* _TASK TO CARRY OUT_
In the entries that follow, the line with "Berlin, Germany - April" opens the range and the line with "IncaBLBL eethoek eetkamertafel" closes it; repeat that range exactly, both lines included.

* _INPUT DATA_
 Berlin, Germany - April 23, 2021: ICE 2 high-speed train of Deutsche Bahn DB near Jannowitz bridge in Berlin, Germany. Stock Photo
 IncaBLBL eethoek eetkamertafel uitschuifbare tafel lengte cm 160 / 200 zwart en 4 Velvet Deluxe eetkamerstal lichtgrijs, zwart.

==

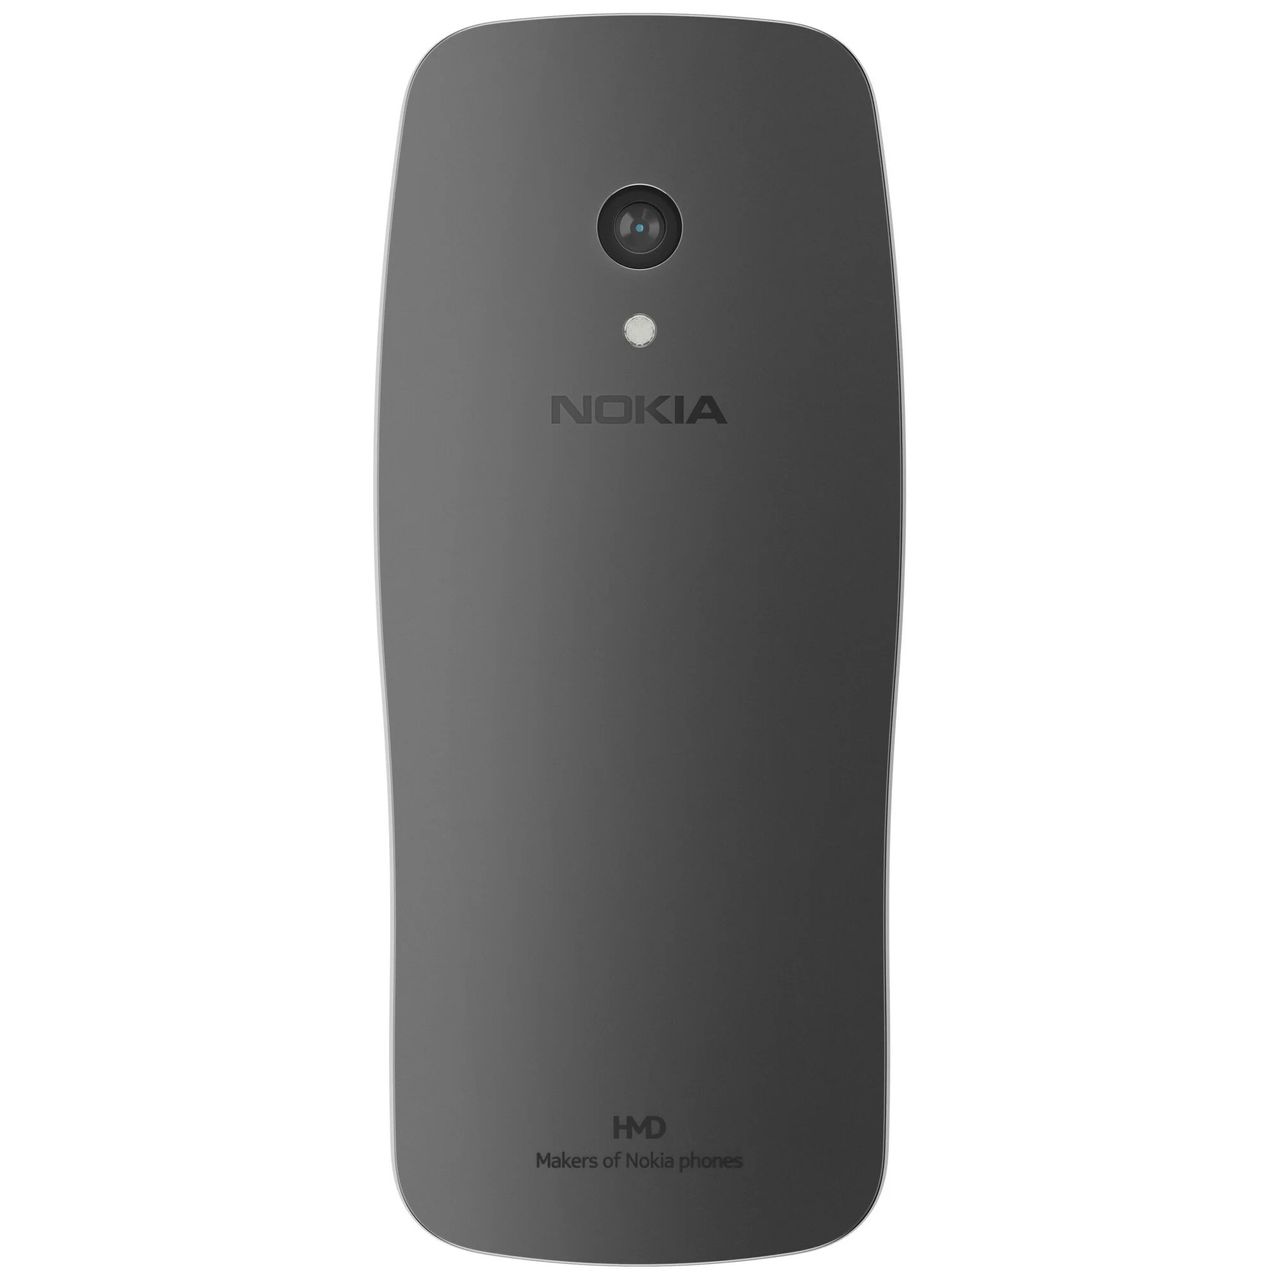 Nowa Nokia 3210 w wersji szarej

* _SOLUTION FOR THIS PROBLEM_
 Berlin, Germany - April 23, 2021: ICE 2 high-speed train of Deutsche Bahn DB near Jannowitz bridge in Berlin, Germany. Stock Photo
 IncaBLBL eethoek eetkamertafel uitschuifbare tafel lengte cm 160 / 200 zwart en 4 Velvet Deluxe eetkamerstal lichtgrijs, zwart.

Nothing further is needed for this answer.